林尘拿着黄符,九叔眼皮跳了两下。
这小子修炼上清大洞真经才多久?画镇尸符跟吃豆子一样也就算了,现在连五雷符这种法符都能随手掏出来。
“你...你这符哪来的?”
“晚上在客栈闲着没事,拿紫竹笔多画了几张。”
四目道长在旁边翻了个白眼。
闲着没事画的?当年大师兄教画五雷符,自己跟凤娇师兄在法坛前面求了三天三夜,挨了七八顿板子才勉强画出一张半成品。
这徒弟说的跟大街上摊煎饼一样轻松。
九叔顾不上琢磨林尘那邪门的悟性,指著黑水漩涡深处,“五雷符专破地下淤积的阴煞。底下浮力大,黑水腐蚀性强,这符直接扔下去,没等落到底就碎了。”
“得用重物引著,直接扎进万人坑的阵眼中心。”千鹤在旁边接话。
“重物?”
林尘回头看了一眼。
大牢角落里,李镇长在地上打滚,这胖子满脸血污,听见九叔和千鹤的话,眼珠子急转,一瘸一拐的往后缩。

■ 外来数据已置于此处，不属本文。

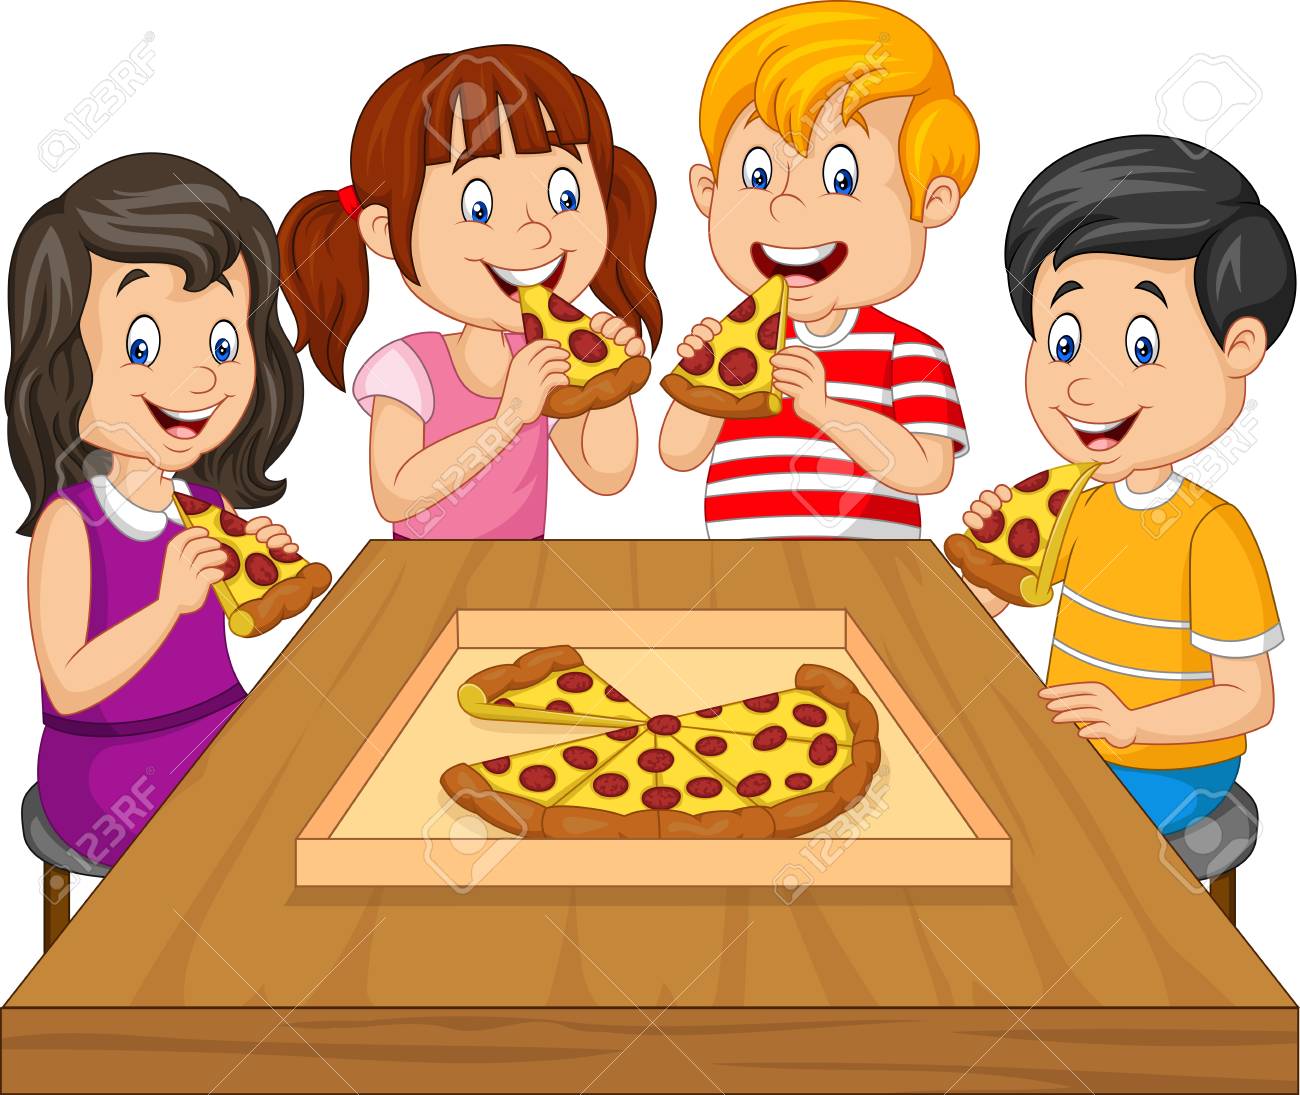 Cartoon kids eating pizza together.

李镇长虽然不懂道法,刚才听到,知道今天这几个茅山道士不会留他活口,拿军阀身份没用,开枪又打不过,现在已经疯了。
“都不让老子活,那就全都别活。”
李镇长喊了一声,手脚并用扑向生铁承重柱,从后腰摸出一把防身的小刀,朝着柱子底下的承重砖缝乱砍。
“大帅在黑水镇有几千条枪,你们敢破坏大帅计划,我把地脉全放出来。大家一起死。”
几刀下去,原本就被黑水泡软的砖缝被砍的稀烂,发臭的黑水差点溅到千鹤道长的道袍上。
“找死。”四目道长抡起大剑就要冲过去。
林尘动作更快。
左手依然夹着那张五雷符,右手往地上顺势一探,抓起刚才被他拧成麻花的毛瑟步枪枪管。
林尘体内上清大洞真经的法力运转,力量灌入手臂,发力向前一甩。
枪管飞出去,李镇长手里的小刀举到一半,听见动静刚要转头,枪管撞穿李镇长的胸膛,带着他整个人飞起半米高,钉在大牢最里面的墙上。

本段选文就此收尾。